# Task to complete:
Everything in the listing below has to be repeated exactly, except the pictures.

# Supplied data:
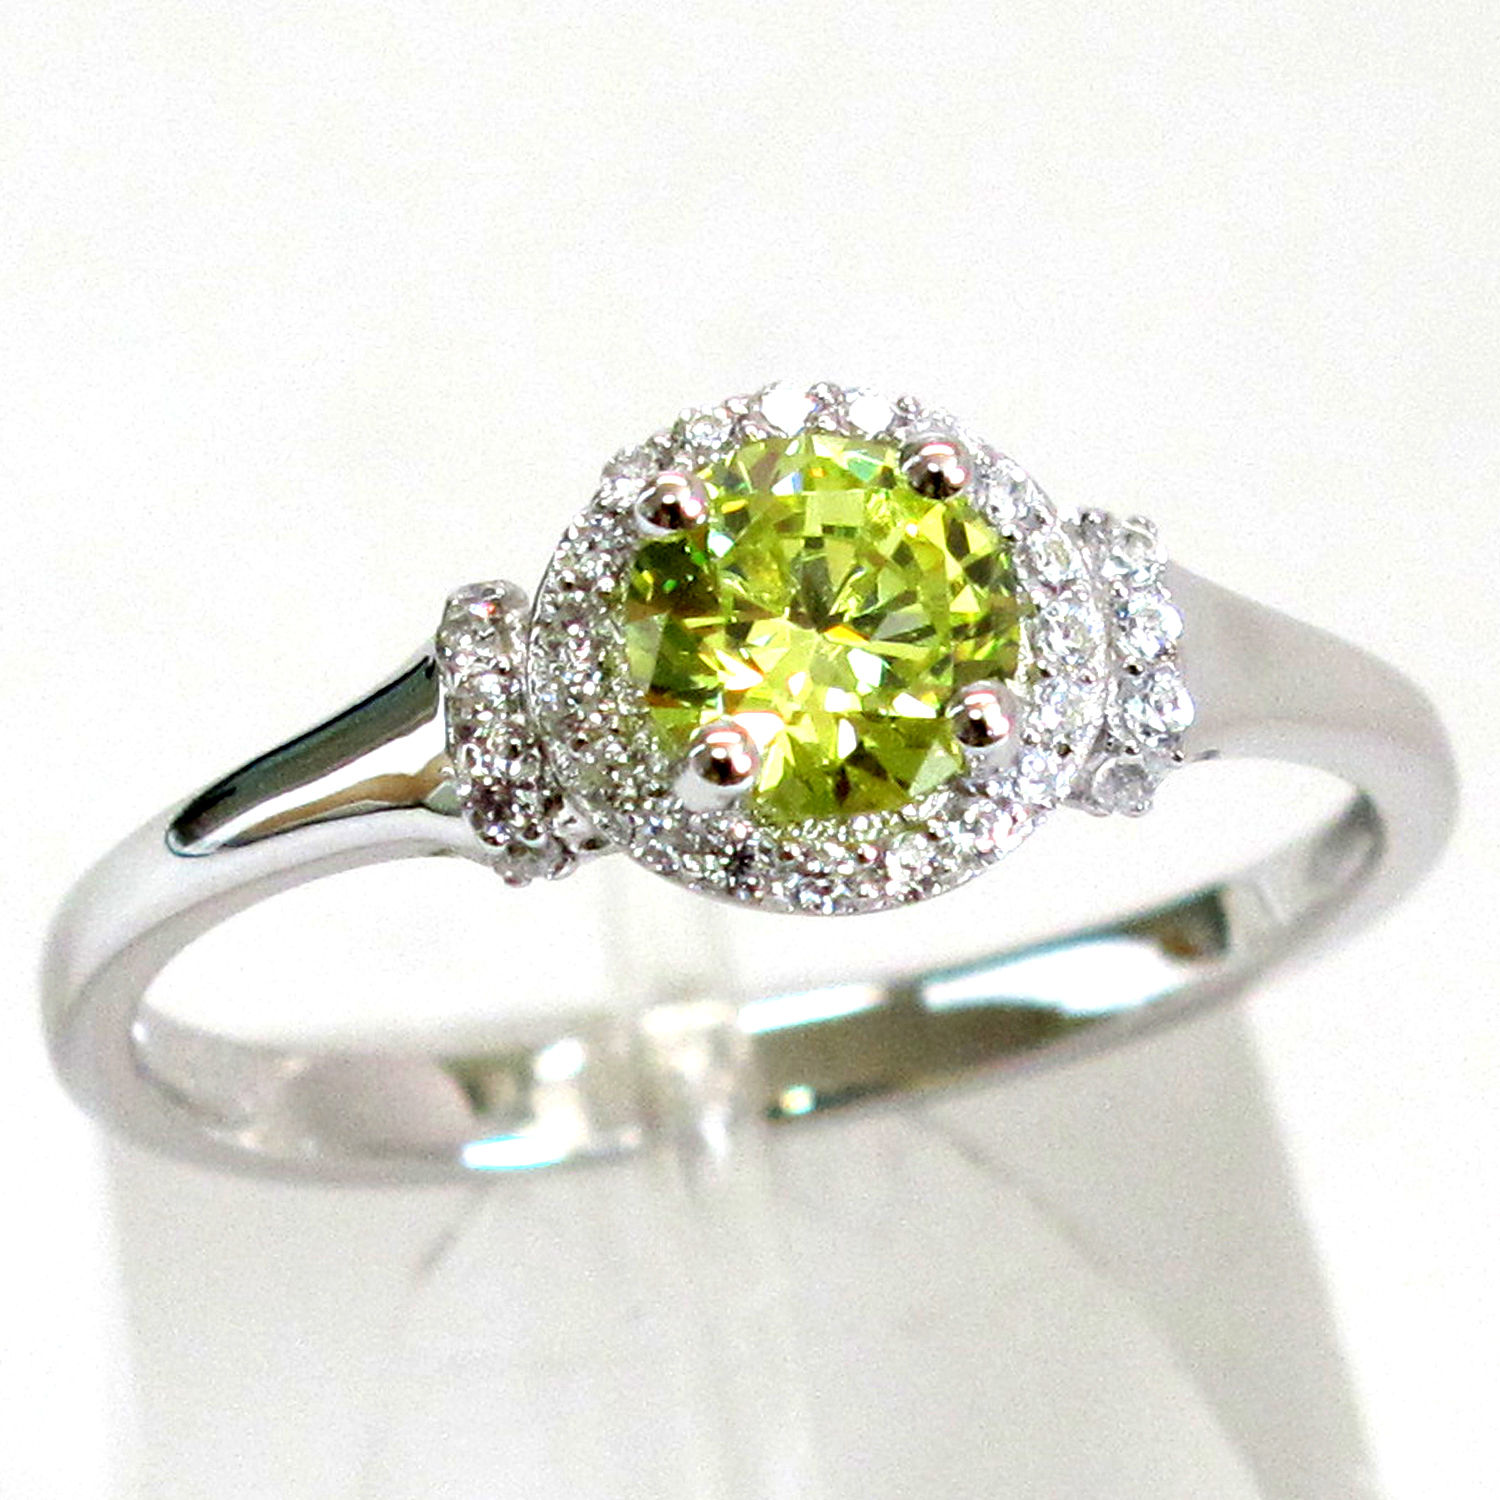 Peridot Gemstone Handmade 925 Sterling Silver Jewelry Ring Size 6 *Gemstone *Statement *Bridal *Wedding *Natural *Thin *Gift For Her
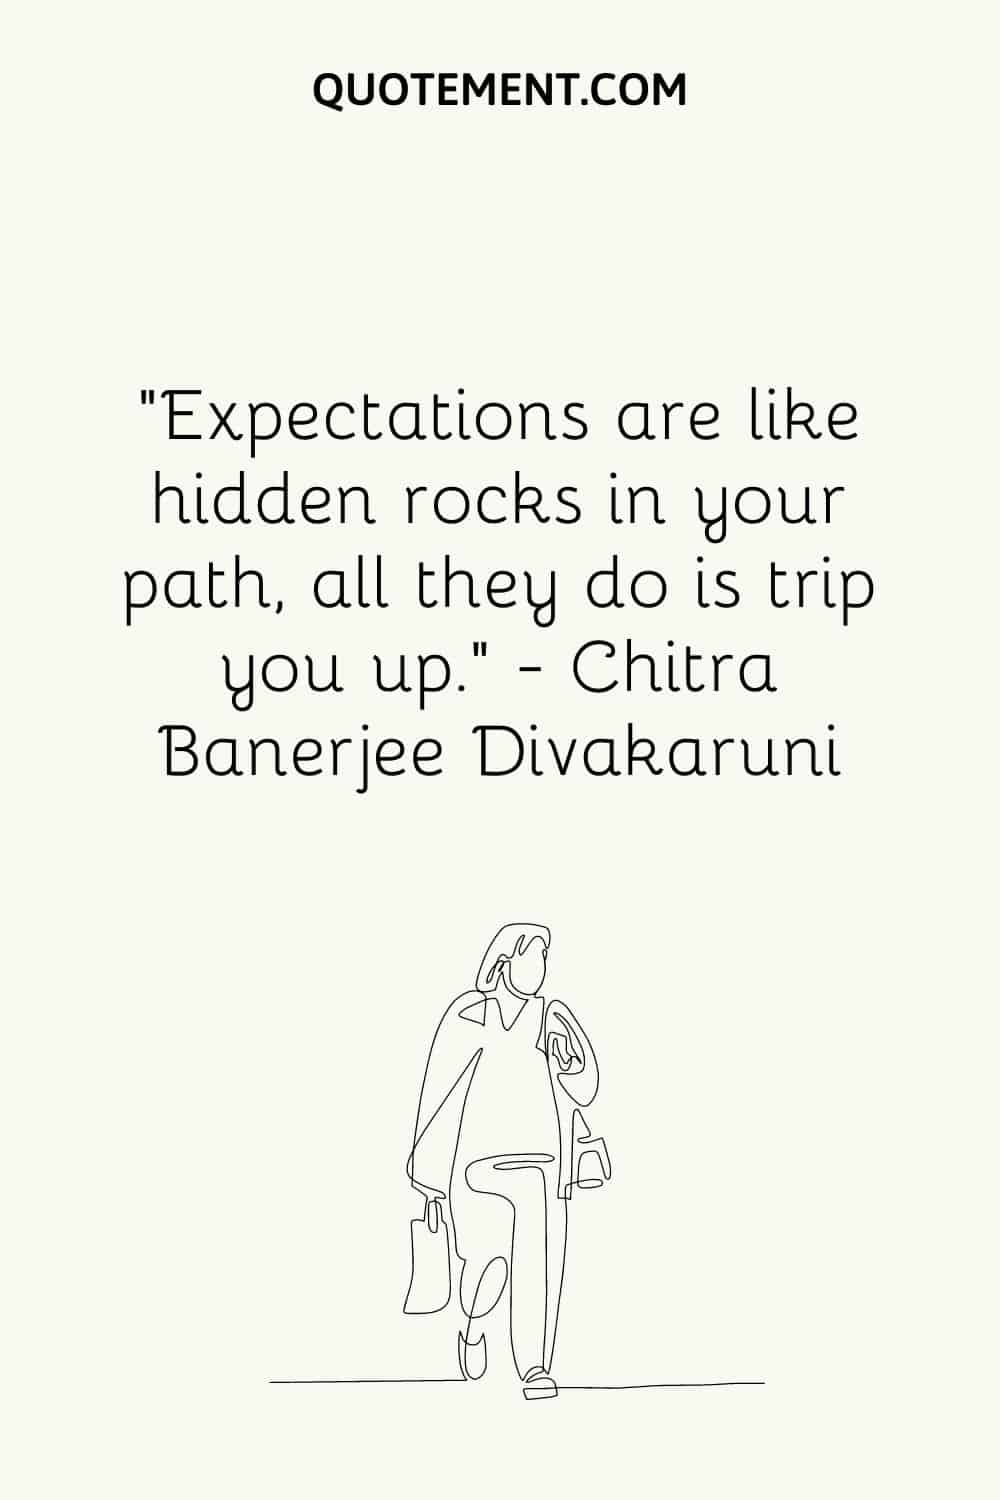 Expectations are like hidden rocks in your path, all they do is trip you up
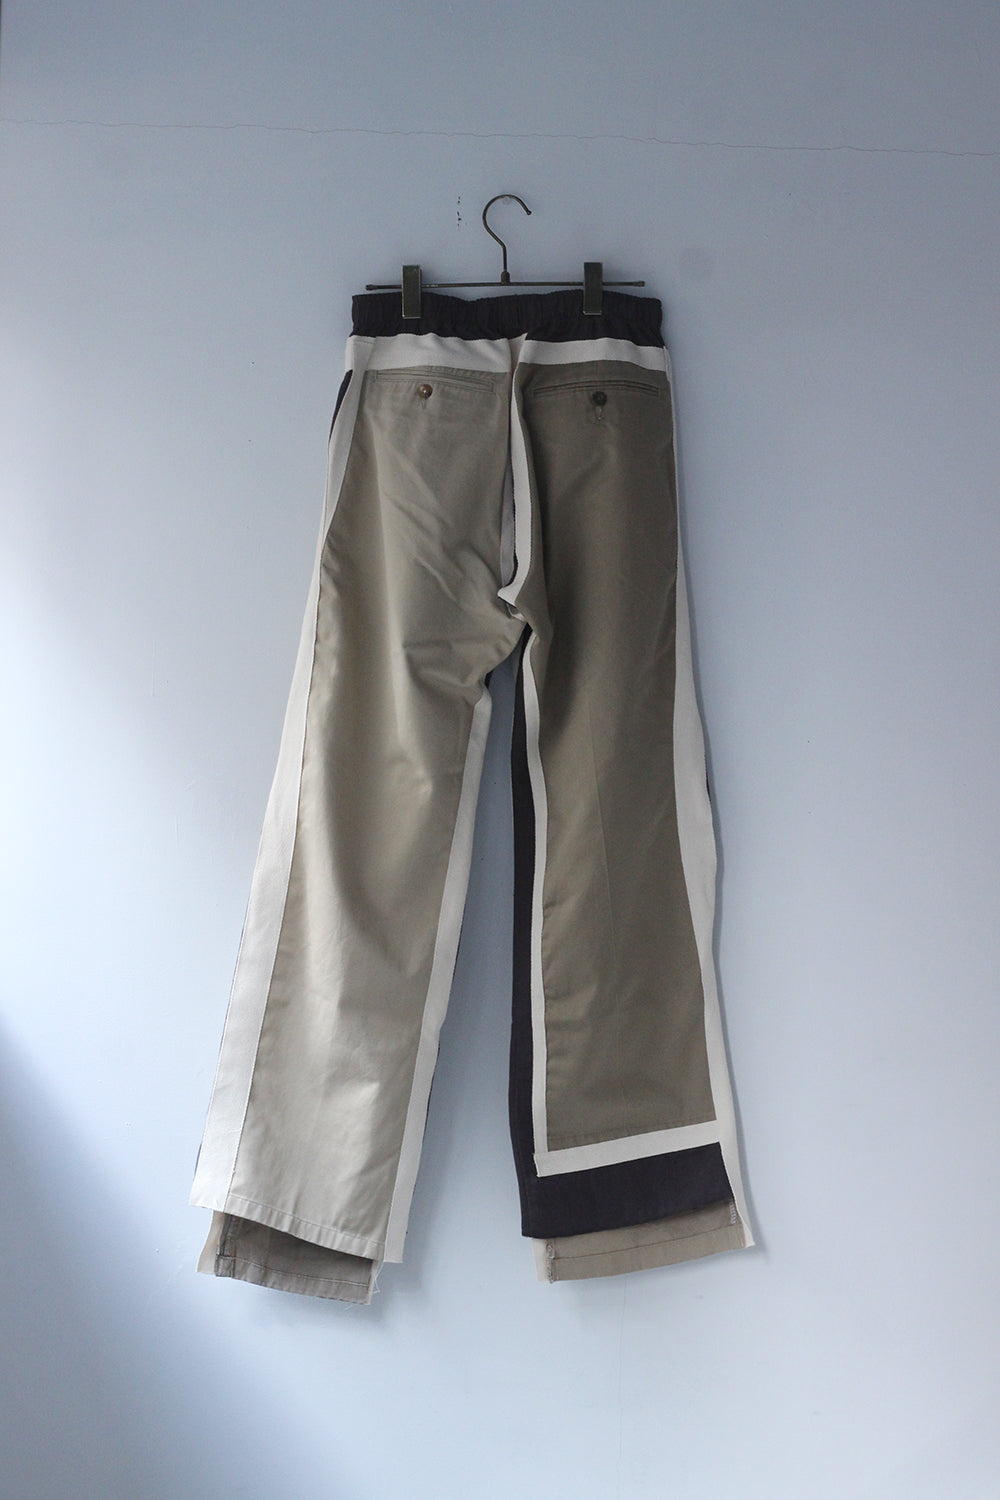 Rebuild by Needles "Chino Pant -> Covered Pant" (charcoal) 1
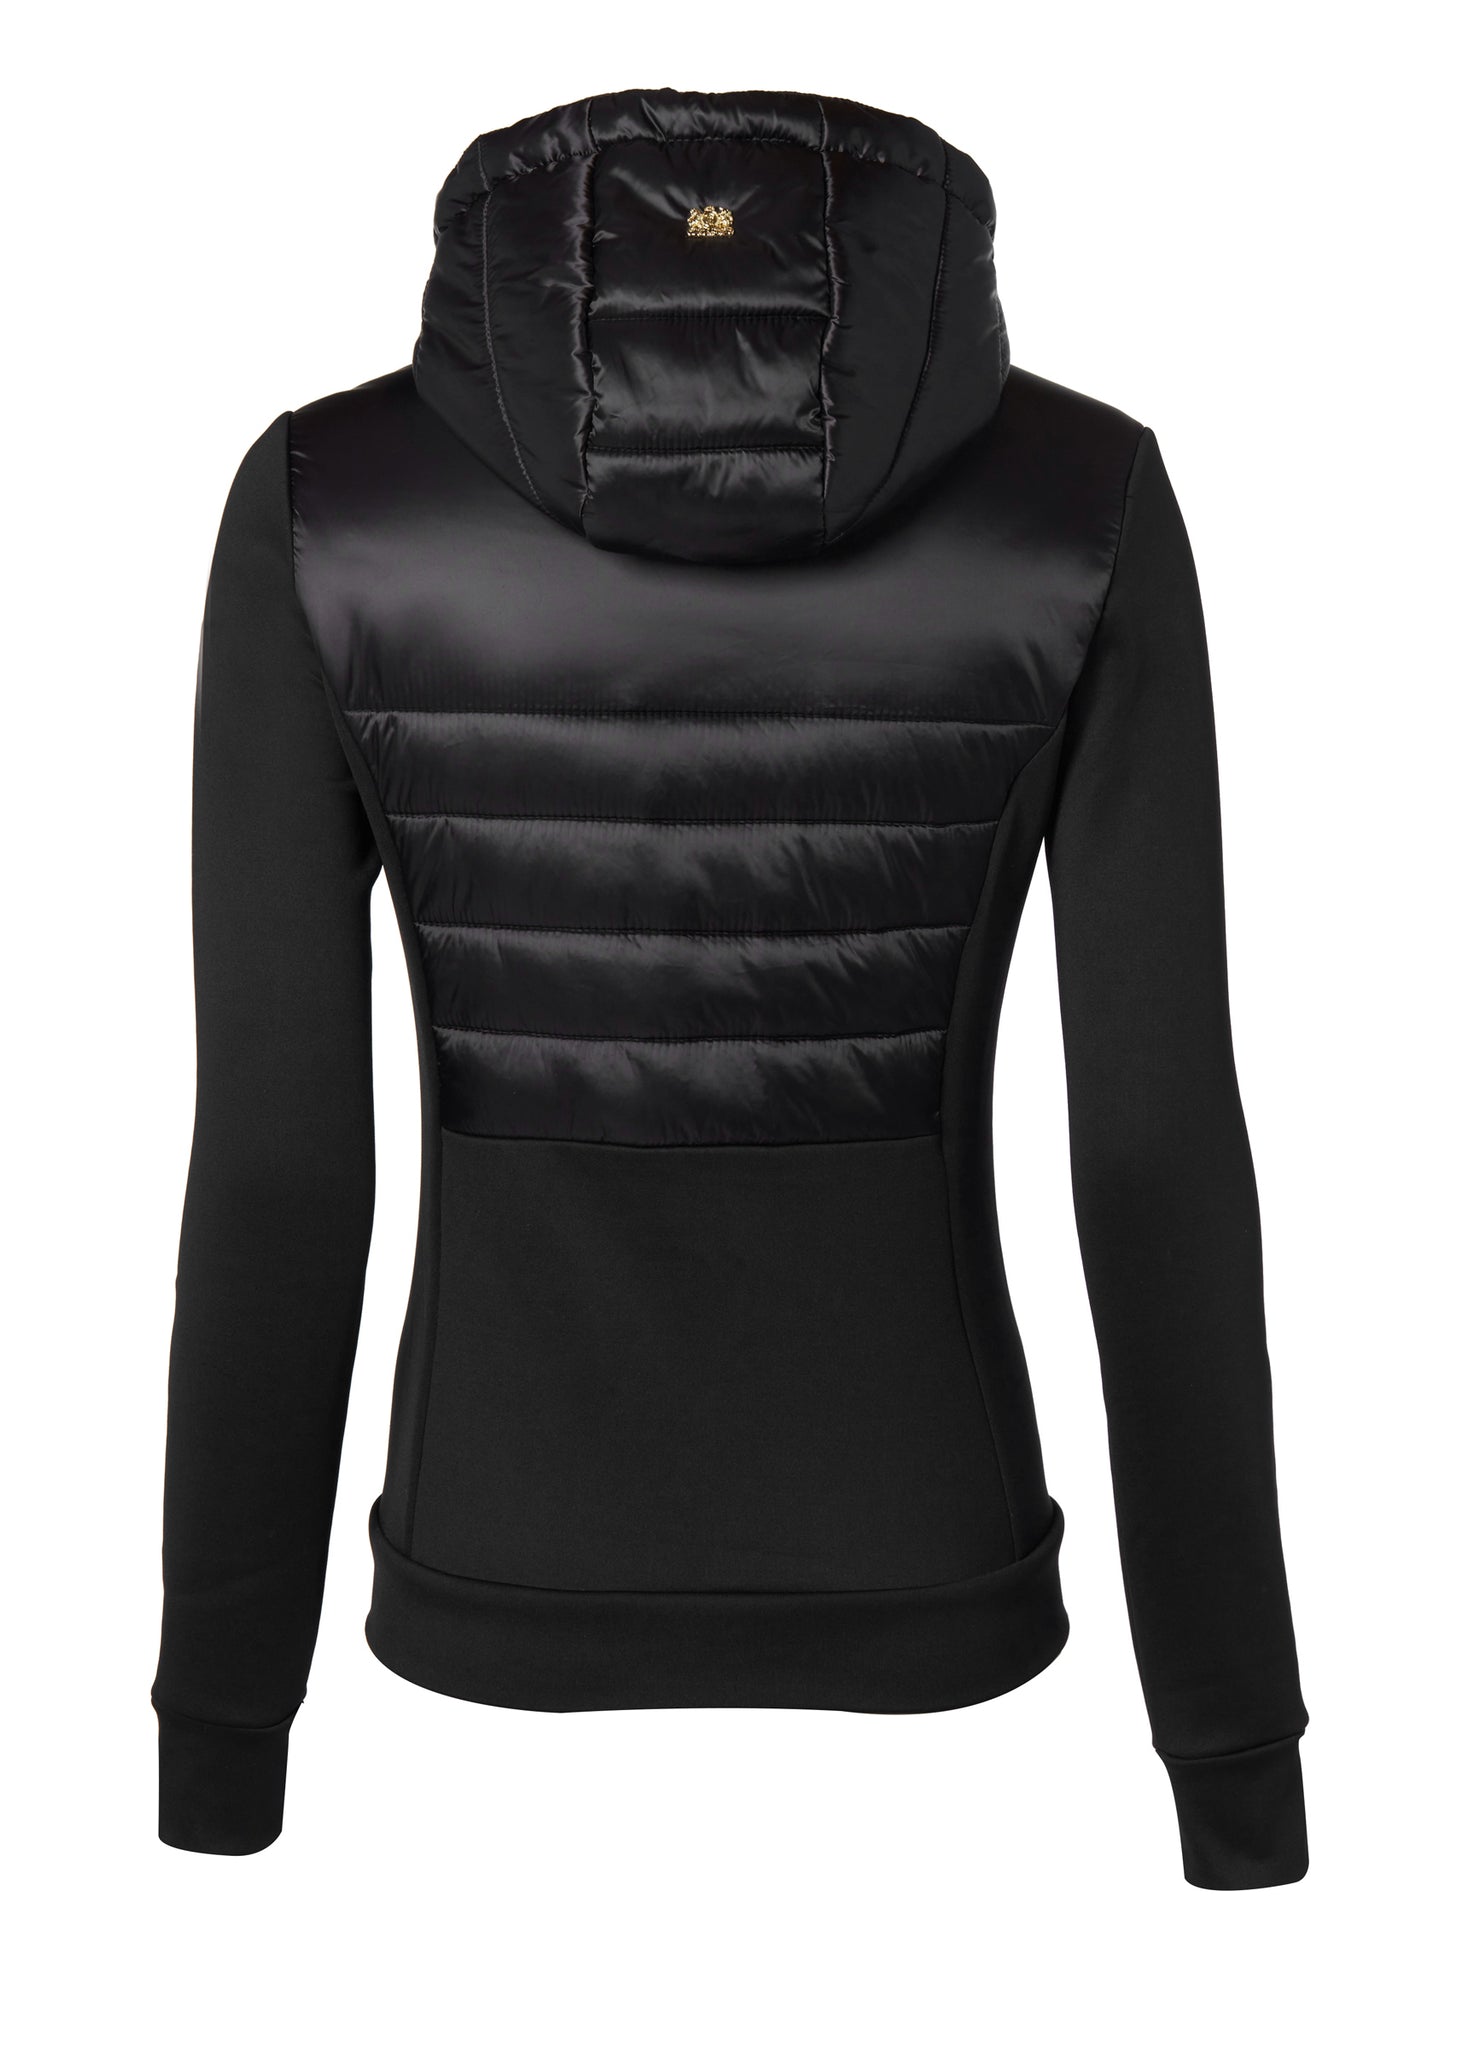 back of hooded hybrid jacket in black with jersey panels on the waist and sleeves and Sorona eco down fill on hood front and back body panels finished with rubbed zip fastening in black and two side pockets with the same zip fastenings

# Task answer:
 Peridot Gemstone Handmade 925 Sterling Silver Jewelry Ring Size 6 *Gemstone *Statement *Bridal *Wedding *Natural *Thin *Gift For Her
 Expectations are like hidden rocks in your path, all they do is trip you up
 Rebuild by Needles "Chino Pant -> Covered Pant" (charcoal) 1
 back of hooded hybrid jacket in black with jersey panels on the waist and sleeves and Sorona eco down fill on hood front and back body panels finished with rubbed zip fastening in black and two side pockets with the same zip fastenings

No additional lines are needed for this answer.